▸ Data below
────────────────

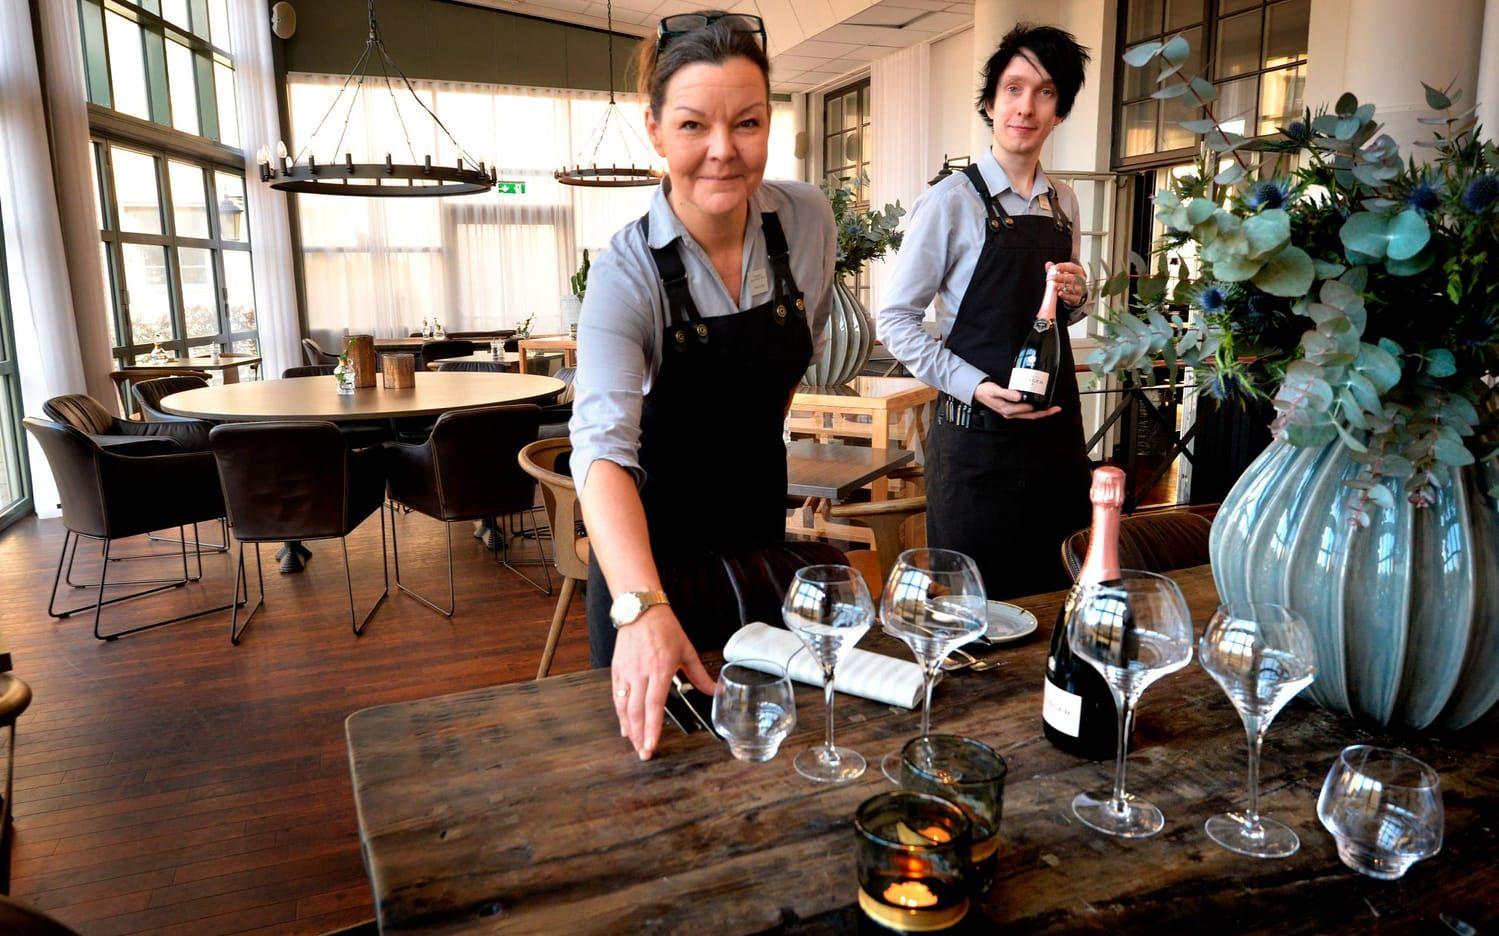 Bjuder till bords. Veronica Johansson och Niclas Johansson arbetar i restaurangen som servispersonal.
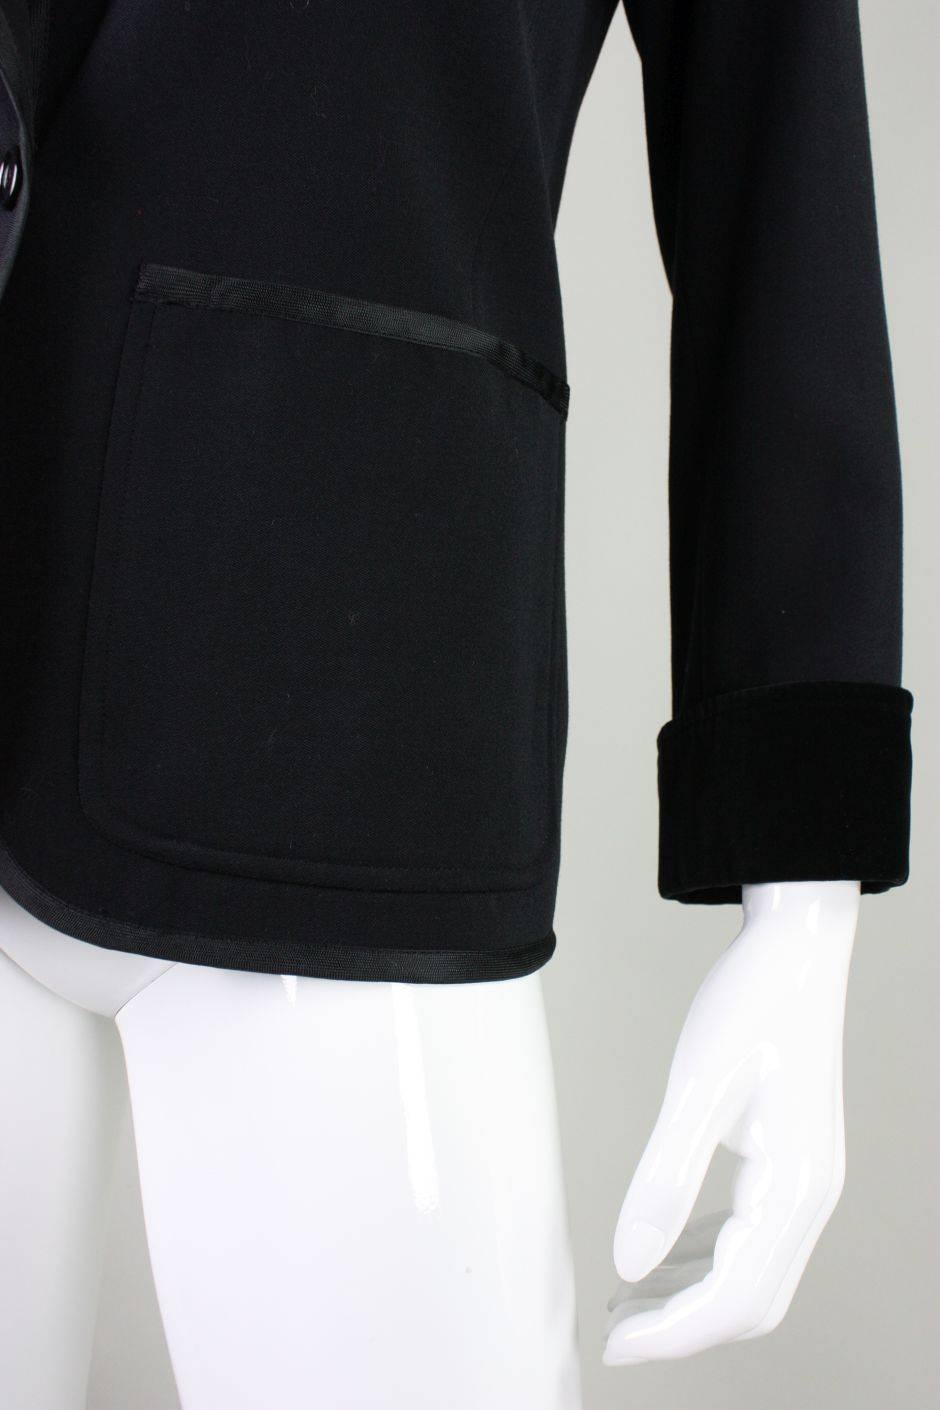 1970's Yves Saint Laurent Black Wool Tuxedo Jacket For Sale 2
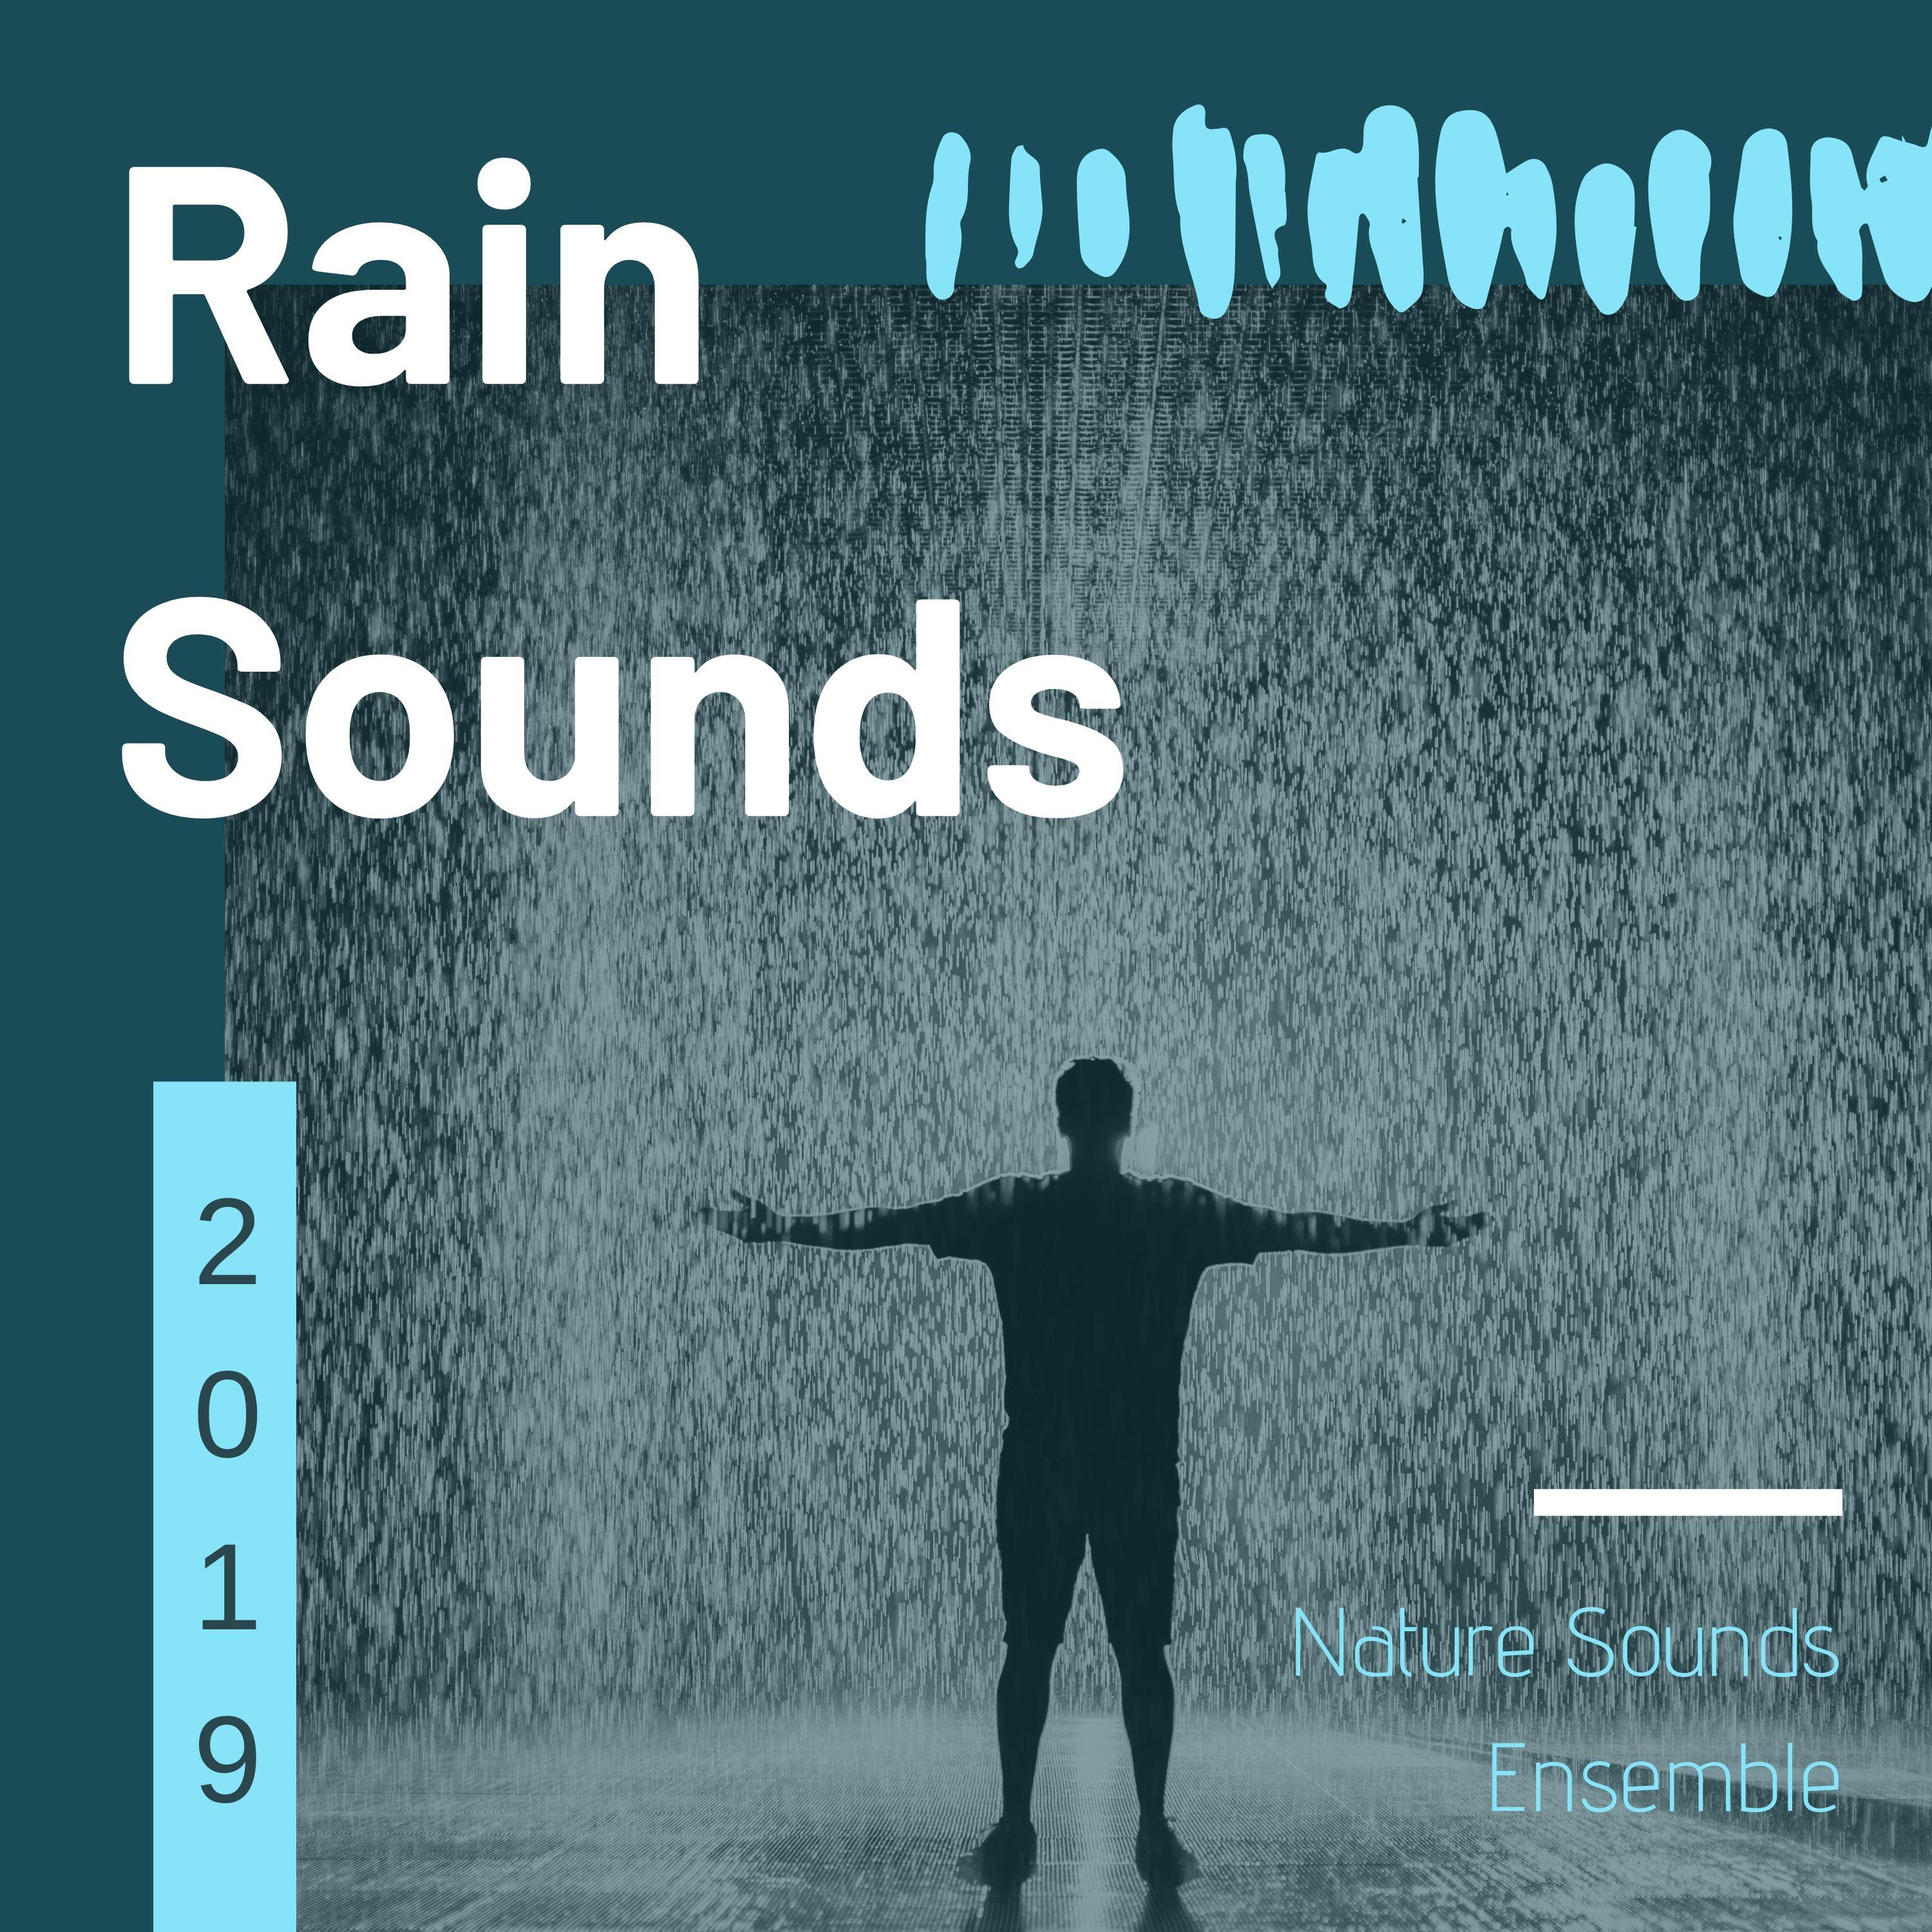 Rain Sounds 2019 - Nature Sounds Ensemble

────────────────

▸ Exercise goal
Leave out every picture and copy verbatim the lines running from the line containing "1970's Yves Saint" through the final line of the data.

▸ Reply
 1970's Yves Saint Laurent Black Wool Tuxedo Jacket For Sale 2
 Rain Sounds 2019 - Nature Sounds Ensemble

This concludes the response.